Question

I was playing around with dilogarithms and numerically found the following dilogarithm identity:

$$\text{Li}_2\left(\frac{2 m}{m^2+m-\sqrt{((m-3) m+1) \left(m^2+m+1\right)}-1}\right)$$ $$-\text{Li}_2\left(\frac{m^2+m-\sqrt{((m-3) m+1) \left(m^2+m+1\right)}-1}{2 m^2}\right)$$ $$+\text{Li}_2\left(\frac{2 m^2}{(m-1) m+\sqrt{((m-3) m+1) \left(m^2+m+1\right)}+1}\right)$$ $$-\text{Li}_2\left(\frac{1}{2} \left((m-1) m+\sqrt{((m-3) m+1) \left(m^2+m+1\right)}+1\right)\right)$$ $$-\log(m)\log \left(-m^2-\sqrt{((m-3) m+1) \left(m^2+m+1\right)}+m-1\right)$$ $$+2\log(m)\log \left(\frac{m^2-\sqrt{((m-3) m+1) \left(m^2+m+1\right)}+m-1}{m^{3/2}}\right)$$ $$+\log(m)\left(\log(m)+i\pi -\log(2)\right)=0$$

where m is a real number in a neighborhood of 1 (such that the square root is real). For those who use mathematica, please copy below

expr = Log[ m] (I [Pi] - Log[2] + Log[m] - Log[-1 + m - m^2 - Sqrt[(1 + (-3 + m) m) (1 + m + m^2)]] + 2 Log[(-1 + m + m^2 - Sqrt[(1 + (-3 + m) m) (1 + m + m^2)])/m^( 3/2)]) + PolyLog[2, ( 2 m)/(-1 + m + m^2 - Sqrt[(1 + (-3 + m) m) (1 + m + m^2)])] - PolyLog[2, (-1 + m + m^2 - Sqrt[(1 + (-3 + m) m) (1 + m + m^2)])/( 2 m^2)] + PolyLog[2, (2 m^2)/( 1 + (-1 + m) m + Sqrt[(1 + (-3 + m) m) (1 + m + m^2)])] - PolyLog[2, 1/2 (1 + (-1 + m) m + Sqrt[(1 + (-3 + m) m) (1 + m + m^2)])]

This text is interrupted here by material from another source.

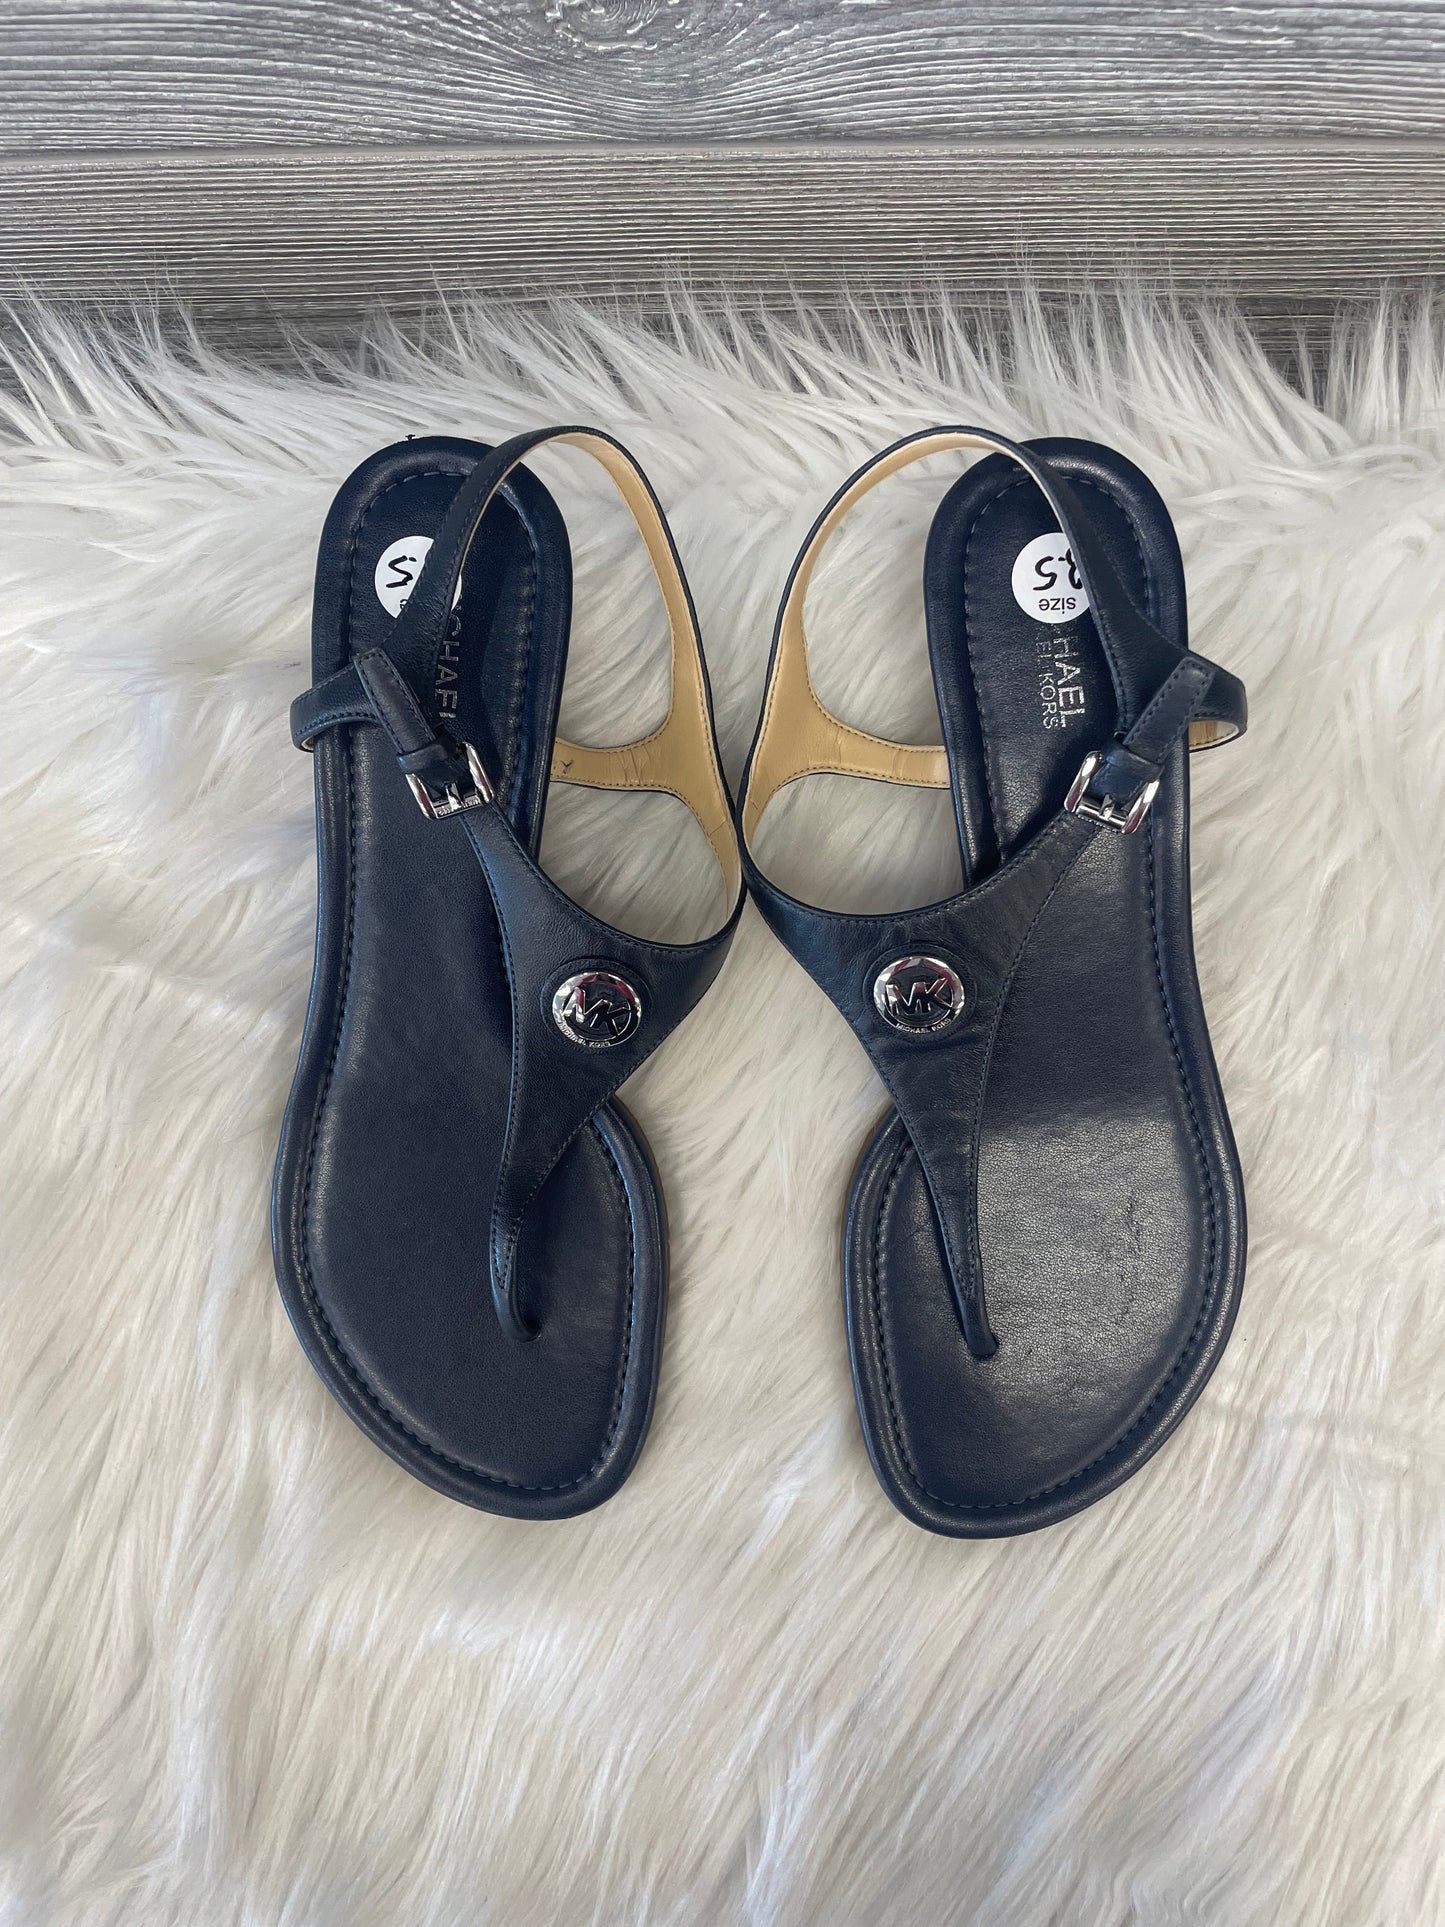 Sandals Heels Wedge By Michael Kors  Size: 8.5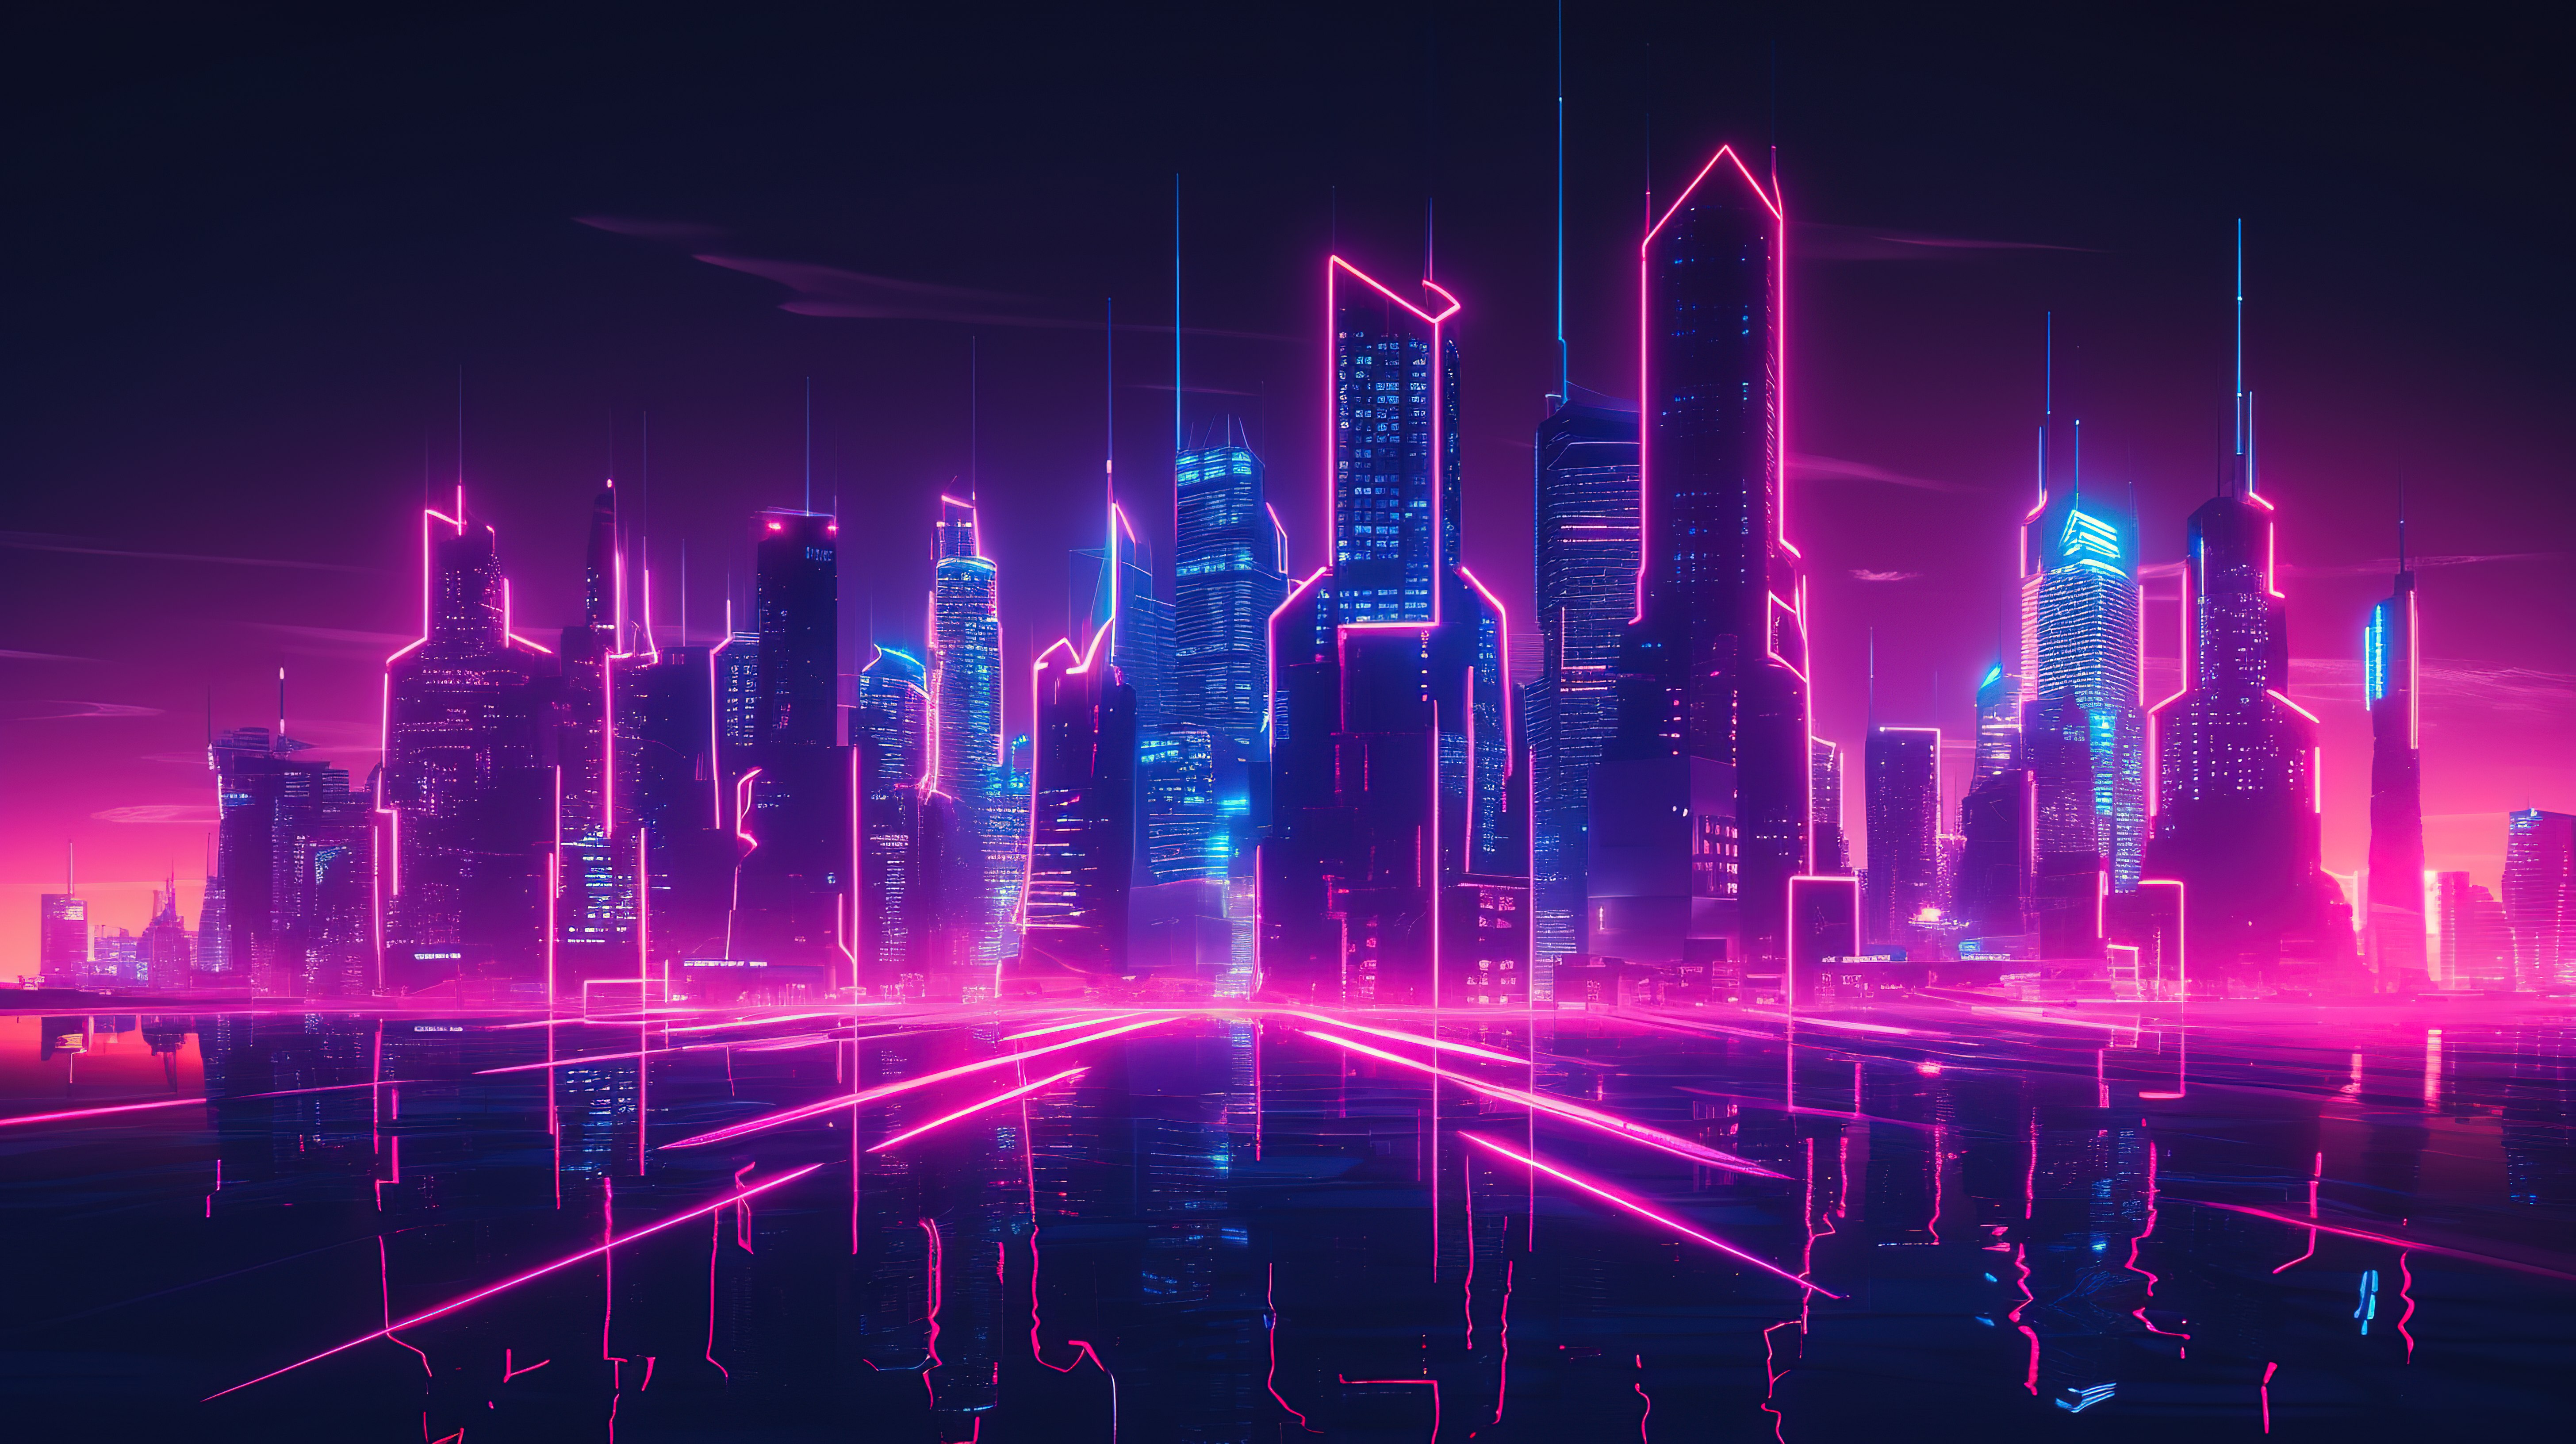 3D 合成波时代的发光赛博朋克大都市，霓虹灯点亮的摩天大楼和未来网格景观图片

Does anybody have any idea how to prove this?

Answer 1

It looks to me like you don't even need the five-term identities. If I denote the arguments of your dilogarithms by $a_1$, $a_2$, $a_3$ and $a_4$ I find that $(1-a_1) a_4 = 1$ and $a_2 a_3 = -1 + a3$. Then I think using the simple formulas $$ \text{Li}_2(z)=-\text{Li}_2(1-z)-\log (1-z) \log (z)+\frac{\pi ^2}{6}, $$ and $$ \text{Li}_2(z)=-\text{Li}_2\left(\frac{1}{z}\right)-\frac{1}{2} \log ^2(z)-\frac{\pi ^2}{6} $$ should be enough (but some care is needed when placing the branch cuts).

Answer 2

All functional (i.e., depending on a parameter) relations are known to be a consequence of the 5-term relation of the dilogarithmic function; see [D. Zagier, The dilogarithm function, in: Frontiers in Number Theory, Physics and Geometry II, P. Cartier, B. Julia, P. Moussa, P. Vanhove (eds.), Springer-Verlag, Berlin-Heidelberg-New York (2006), 3-65]. In your case, I would suggest to compare first the derivatives w.r.t. $m$ and then use the fact that your identity is true for a particular value of $m$ (for example, $m=0$).